------ Dataset extract ------

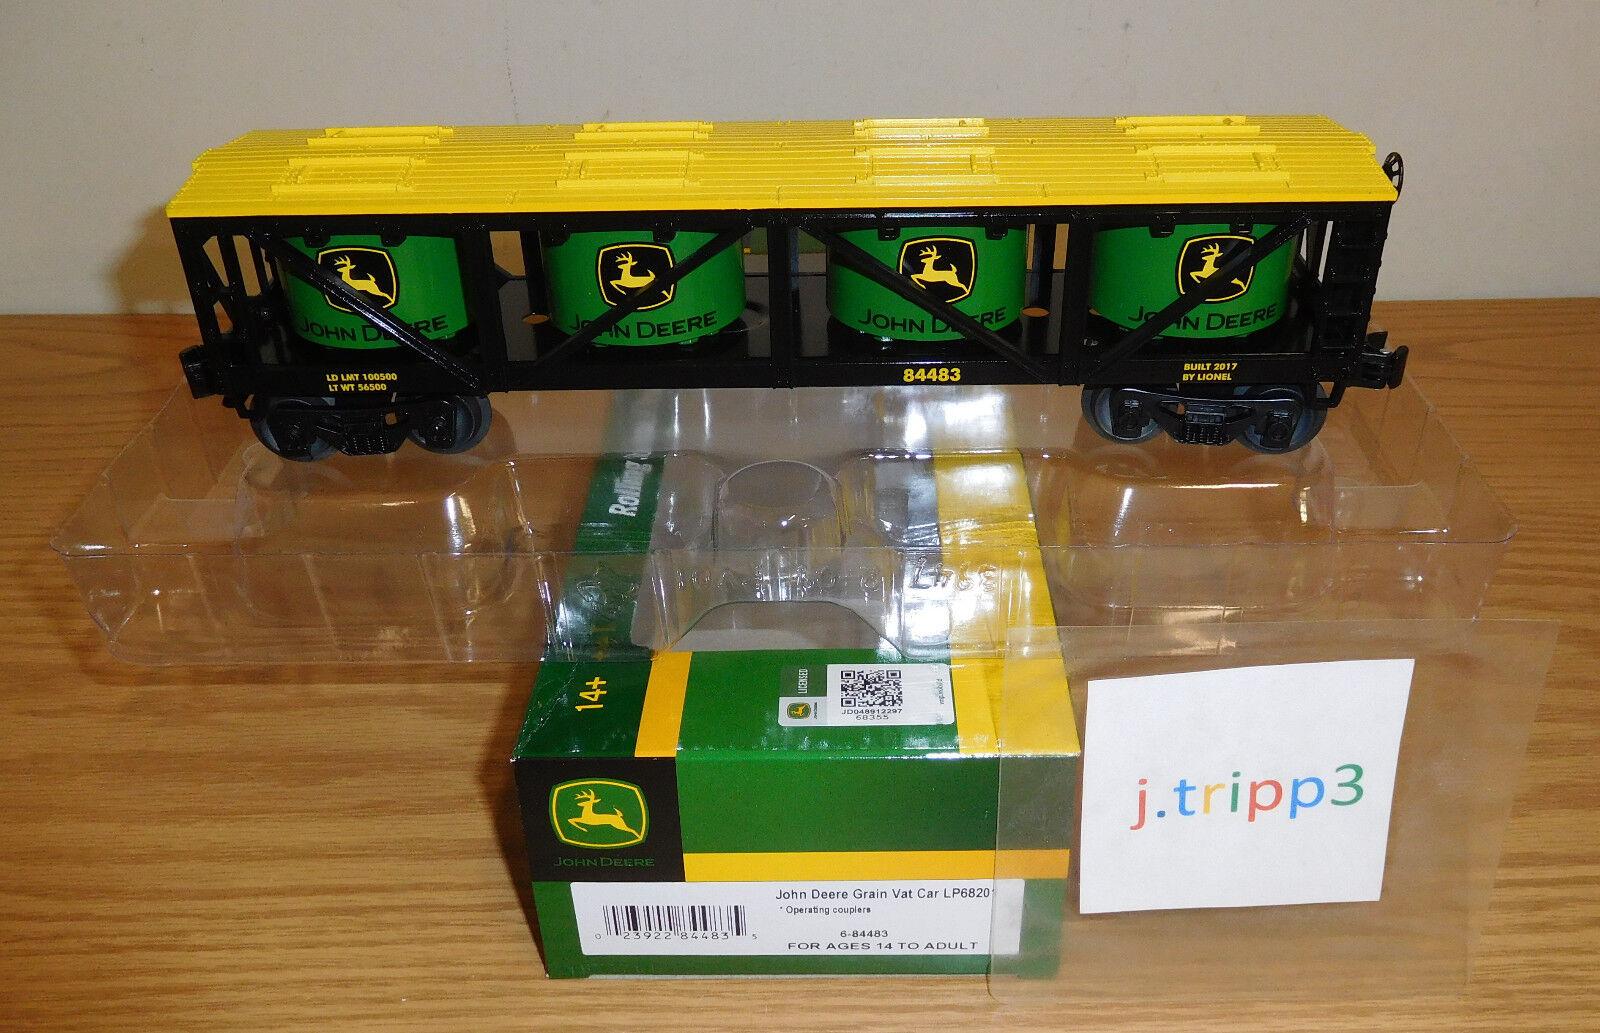 venta mundialmente famosa en línea Lionel 6-84483 John Deere Farm grano IVA Coche de Juguete Juguete Juguete Tren o calibre del ferroCocheril de Cochega  clásico atemporal
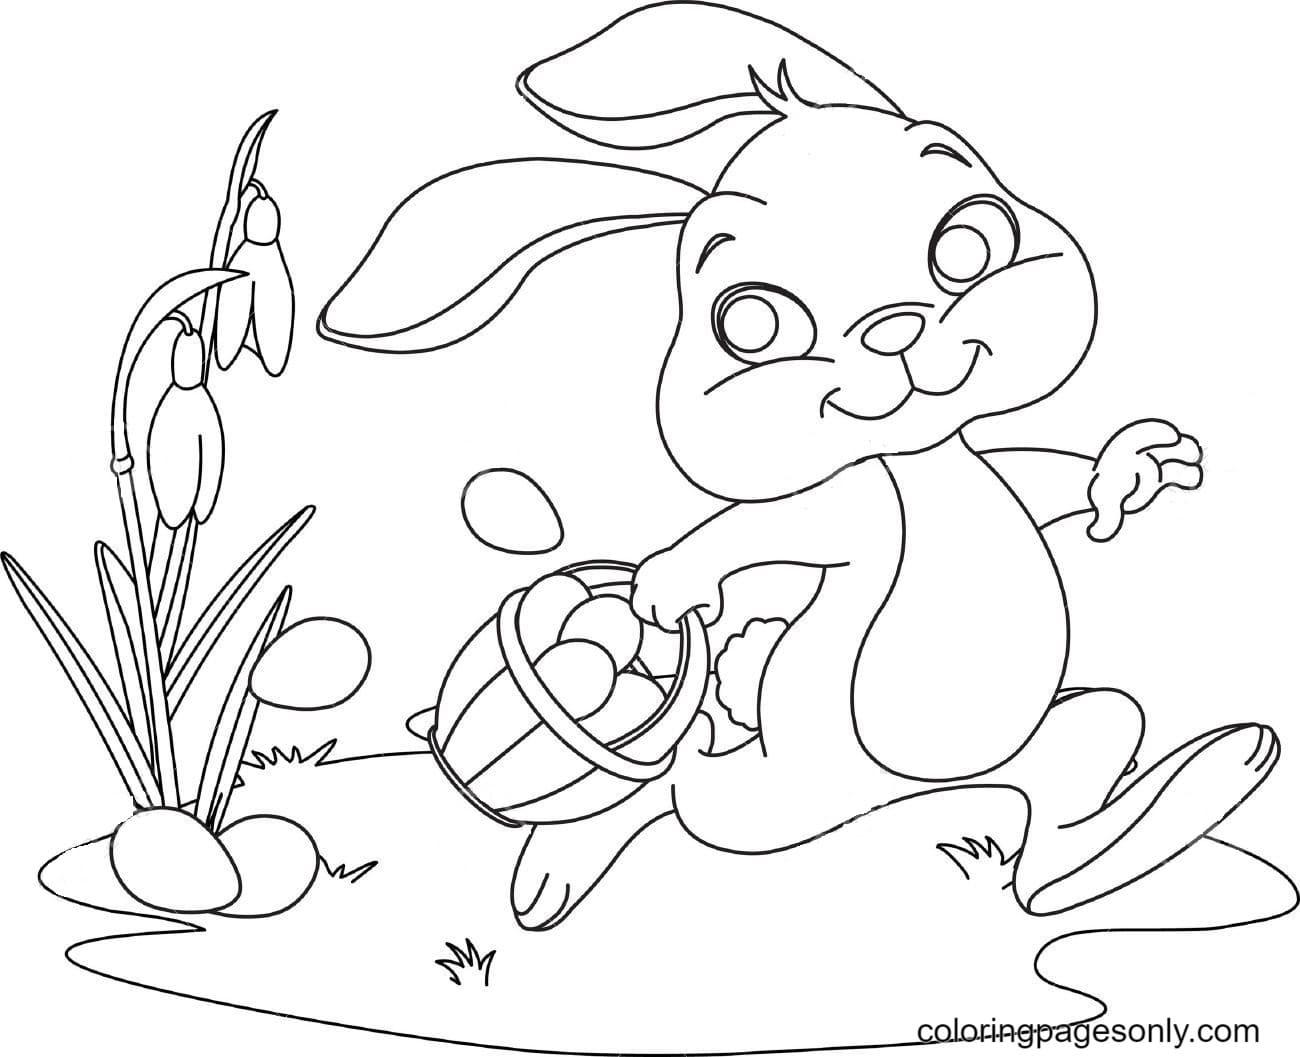 Fun Cute Bunnies Coloring Page
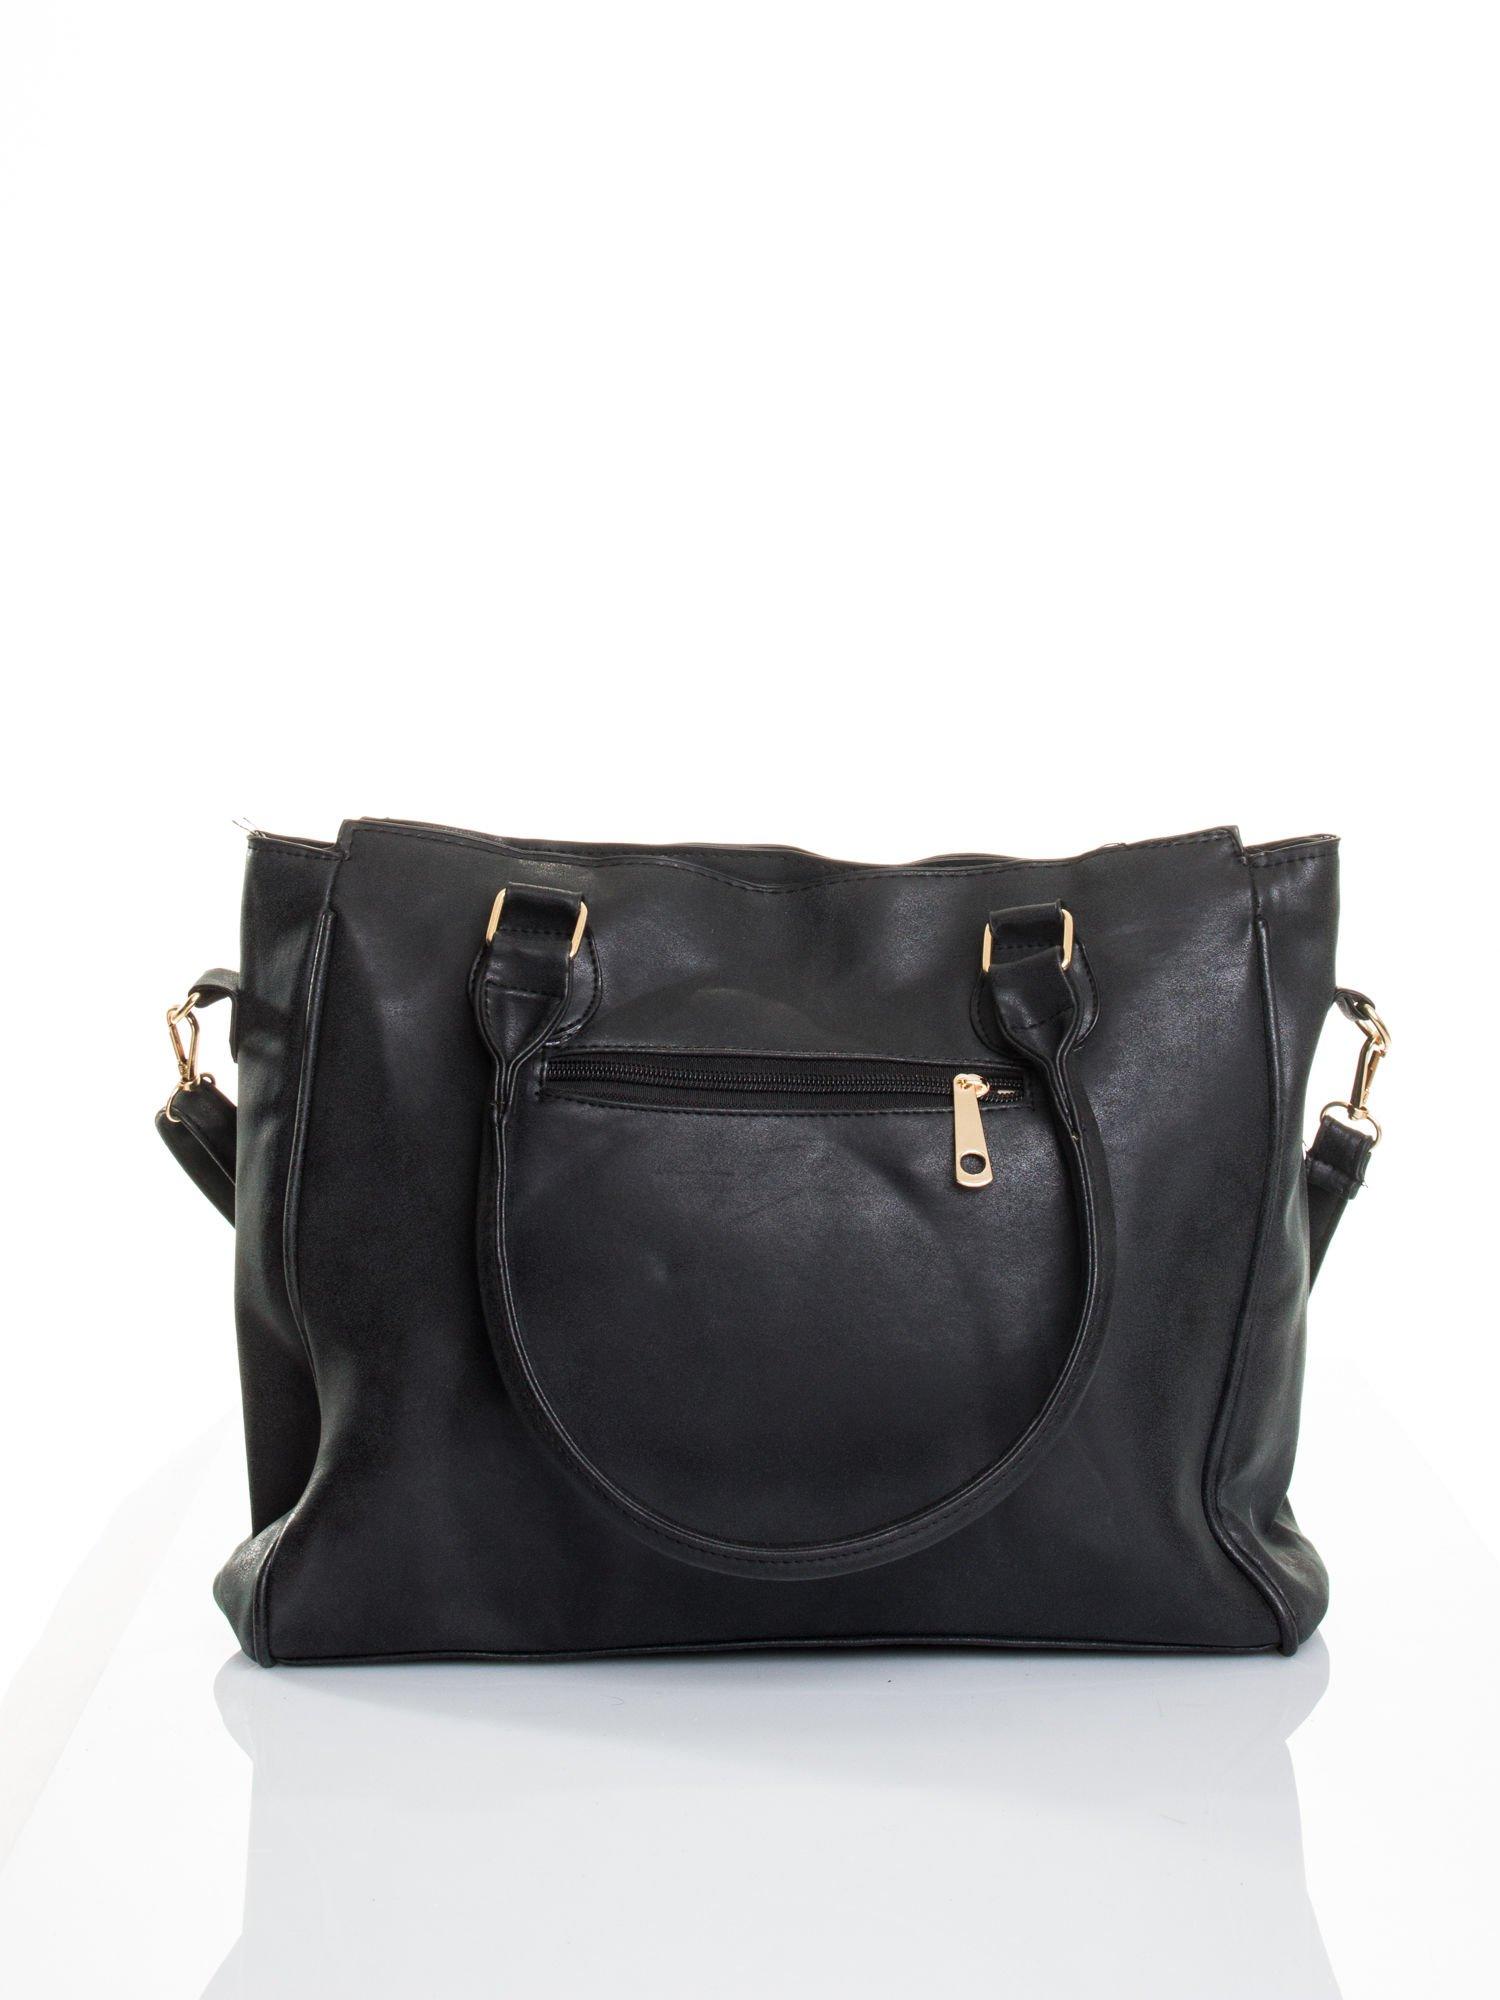 Czarna torebka miejska                                  zdj.                                  2

------

Requirement: Return the listing above unaltered, omitting its pictures.

Exercise answer:
 venta mundialmente famosa en línea Lionel 6-84483 John Deere Farm grano IVA Coche de Juguete Juguete Juguete Tren o calibre del ferroCocheril de Cochega  clásico atemporal
 Fun Cute Bunnies Coloring Page
 Czarna torebka miejska                                  zdj.                                  2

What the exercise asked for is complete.